● **Input data**
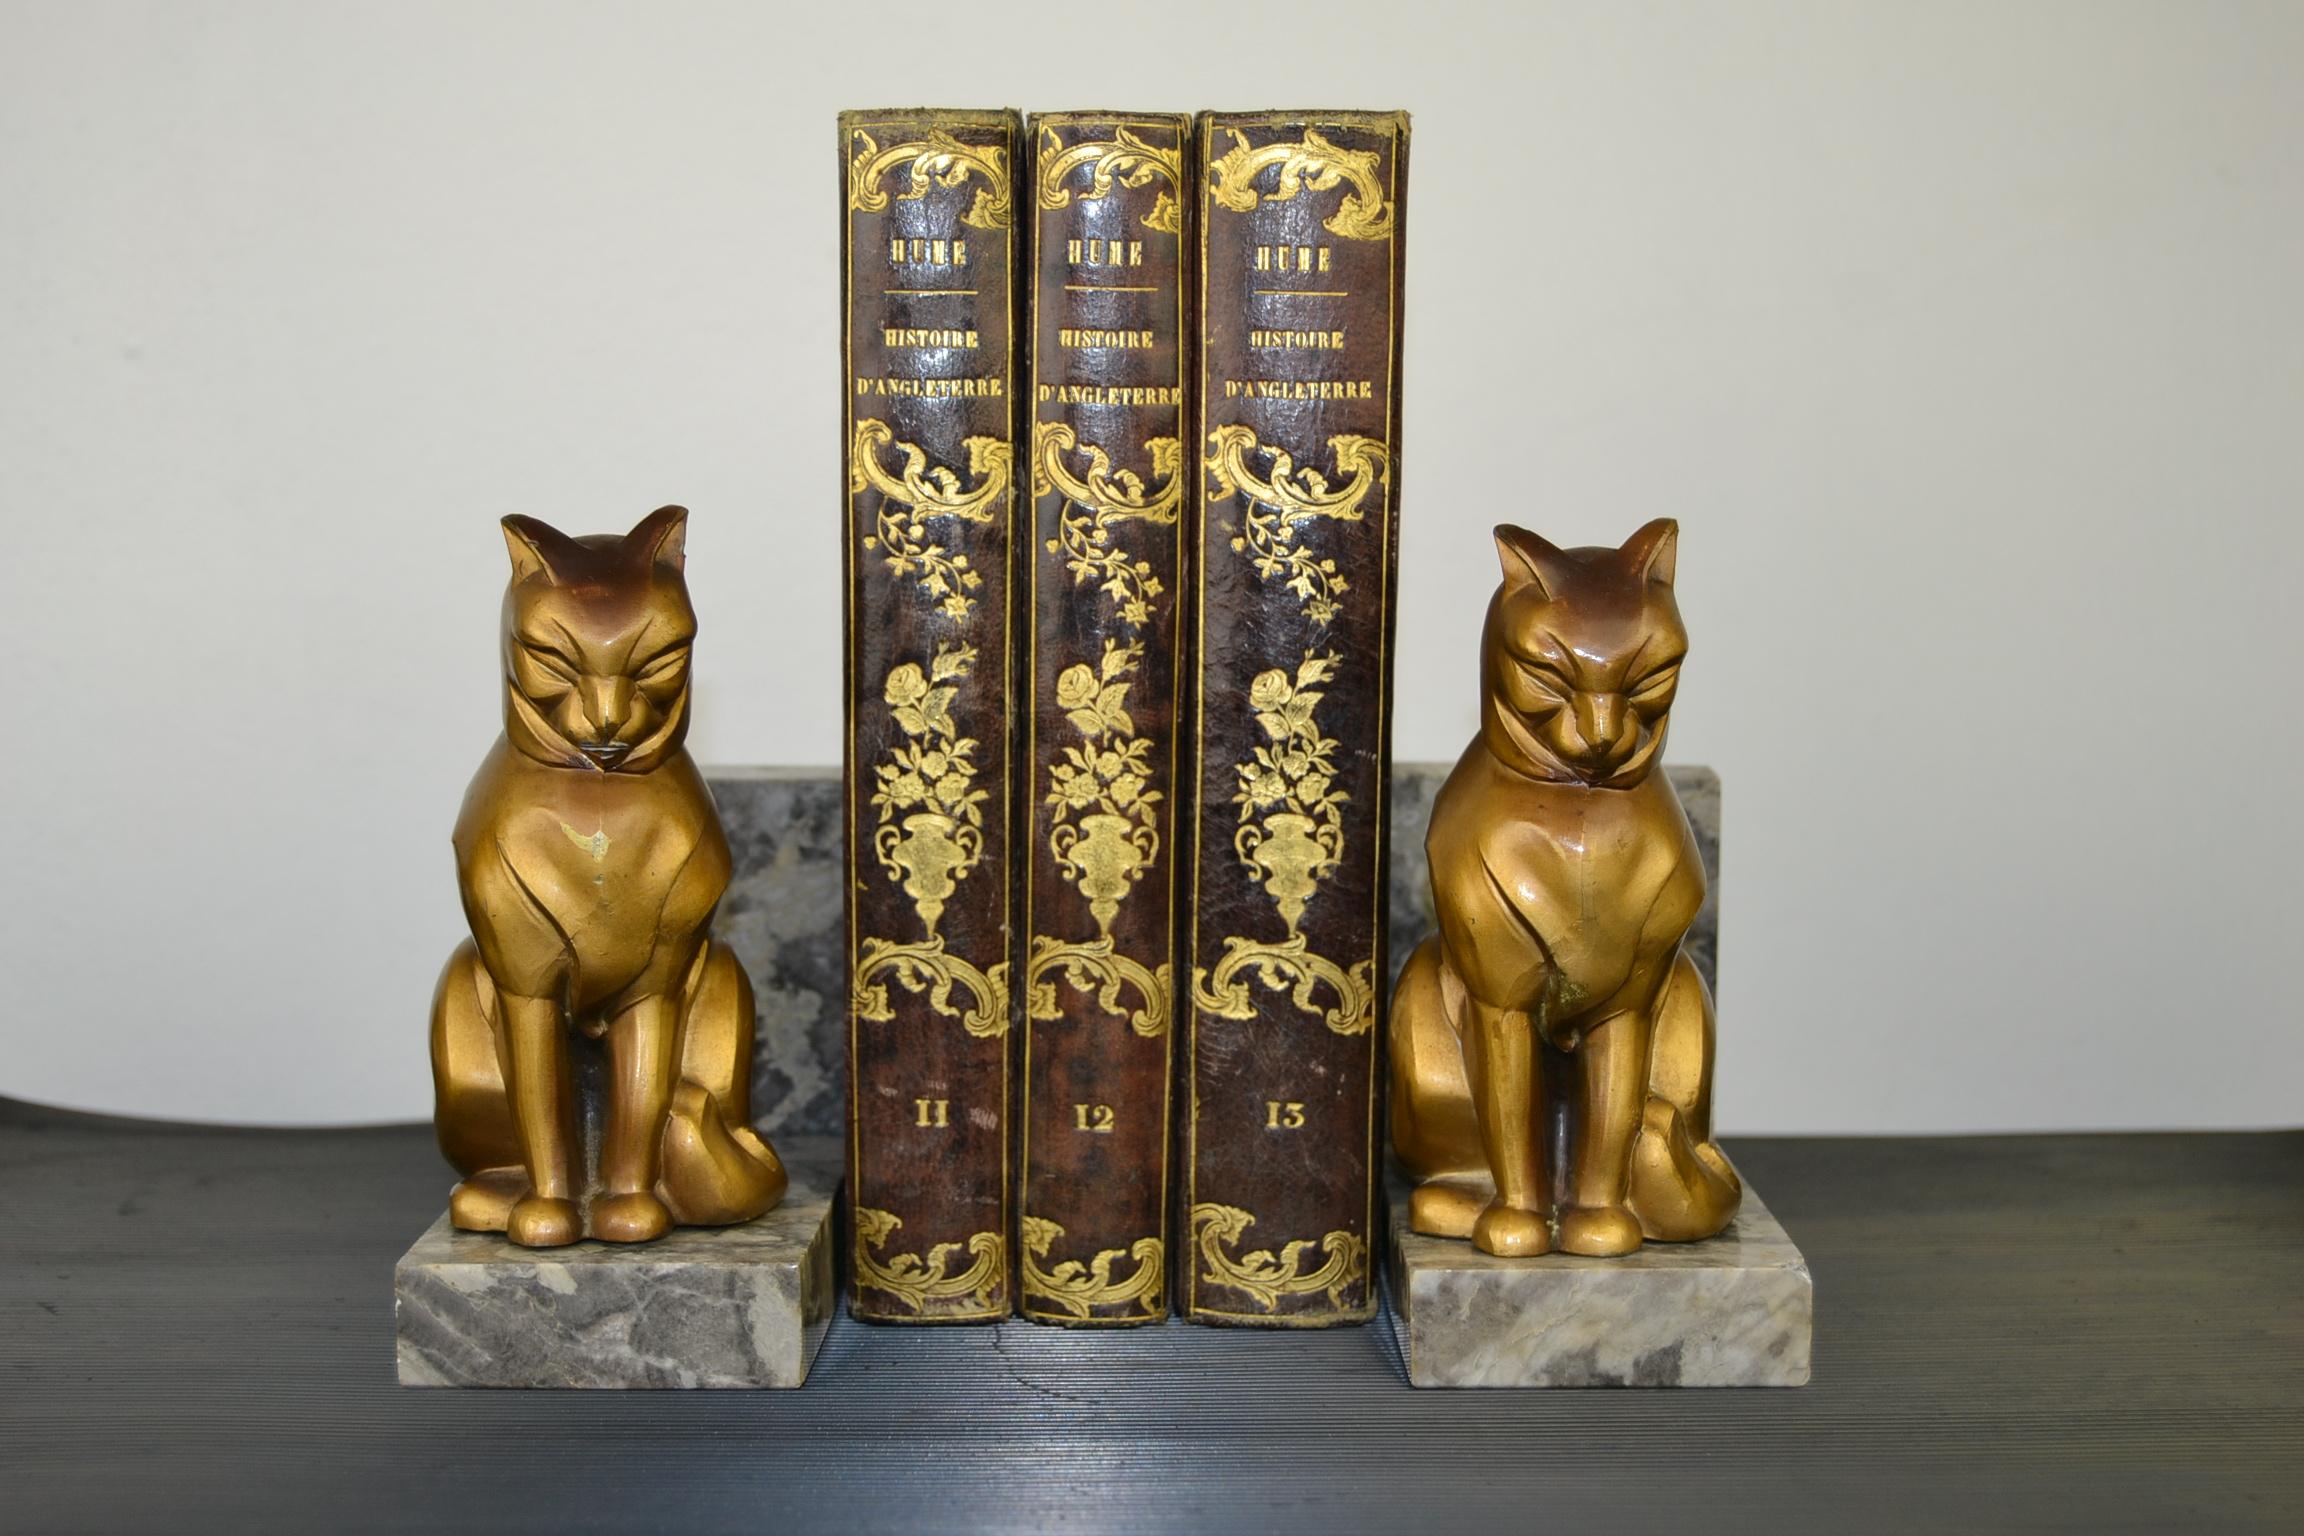 Stylish Art Deco bookends with cats. These French cubist bookends are signed by Franjou and date 1930s .
The cats made of gold patinated metal, spelter are mounted on marble base. 

The bookends are in fair condition, they have traces of age and

● **Problem to solve**
Would you repeat each line of the listing exactly, skipping any picture?

● **Solved exercise**
 Stylish Art Deco bookends with cats. These French cubist bookends are signed by Franjou and date 1930s .
The cats made of gold patinated metal, spelter are mounted on marble base. 

The bookends are in fair condition, they have traces of age and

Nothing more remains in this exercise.